Furthermore, for fracturing applications, if the viscosity drops
prior to reaching the bottom hole temperature this may cause the
proppant to drop out of the gelled fluid and cause a "sand-out".
For temperatures higher than 60.degree. C., the 1099A drops its
viscosity rapidly while the 1099B maintains its viscosity.

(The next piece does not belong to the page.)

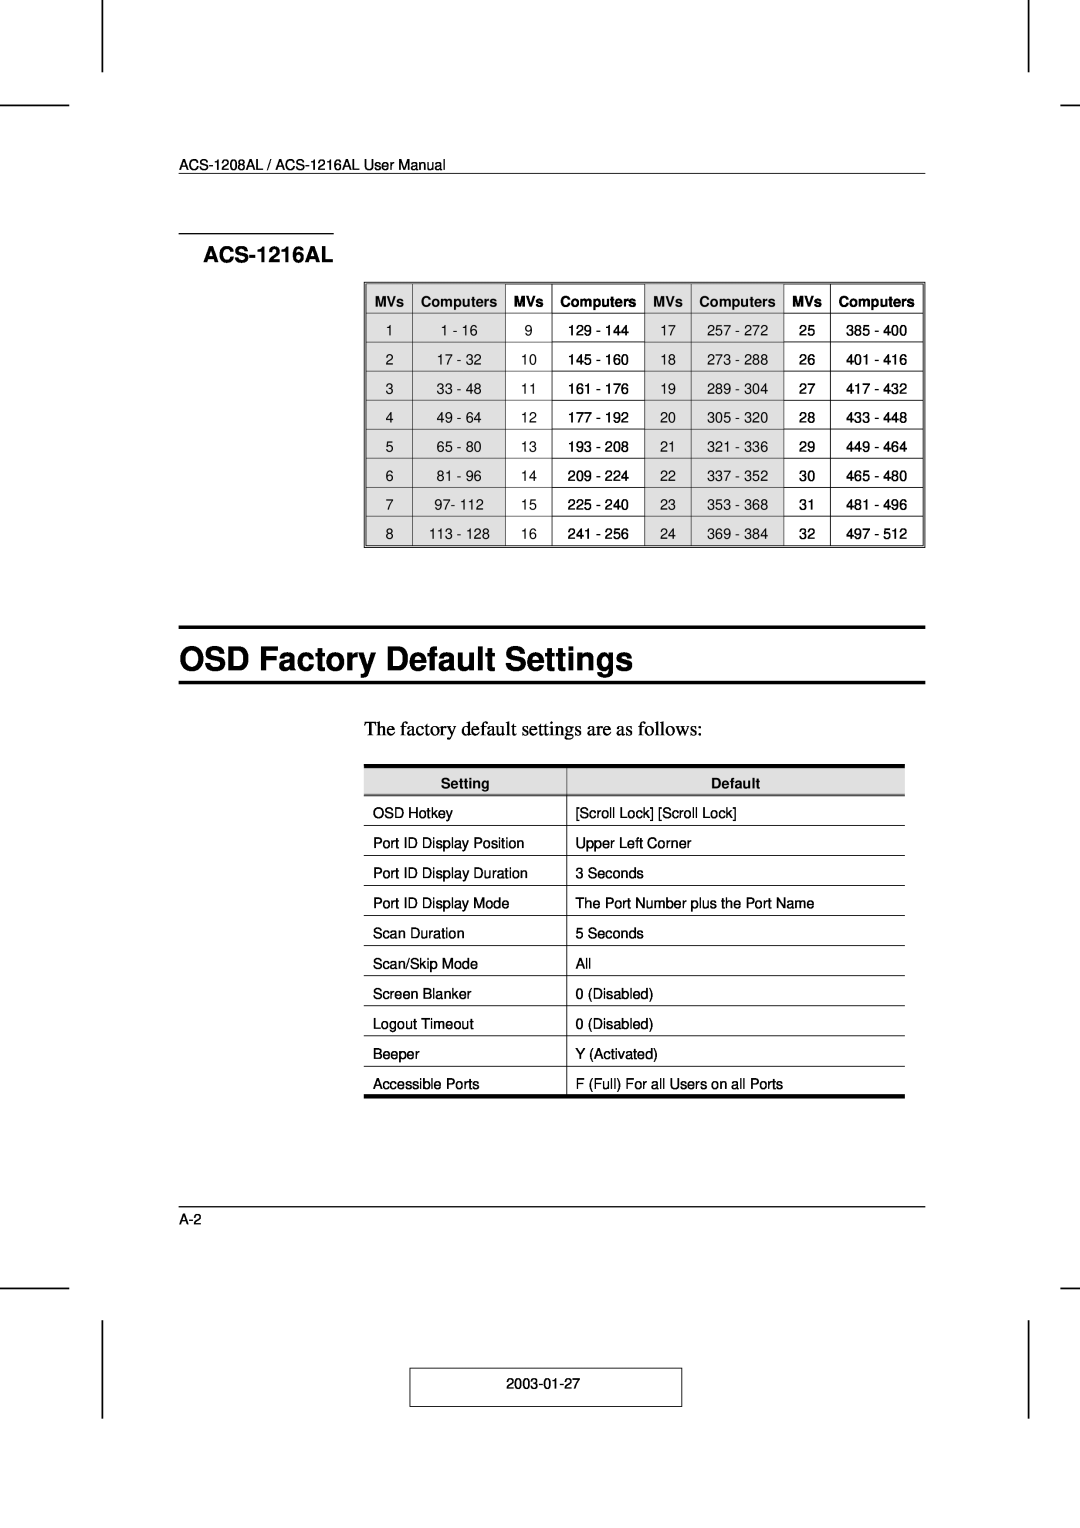 ATEN Technology ACS-1208AL, ACS-1216AL user manual OSD Factory Default Settings, Computers

[0066] The behavior of the VESM of the present invention containing
the arylalkyl sulfonate cosurfactant is quite unexpected. It is
unexpected that the viscosity should increase continuously over the
temperature range as the temperature in increased. The superior
viscosity building characteristics of VESM of the present invention
containing arylalkyl sulfonate cosurfactants has been found to hold
true for other applications such as fracturing fluids, gravel
packing fluids, and drilling fluids This demonstrates the superior
high temperature performance of the viscoelastic systems containing
the VESM of this invention over the prior art.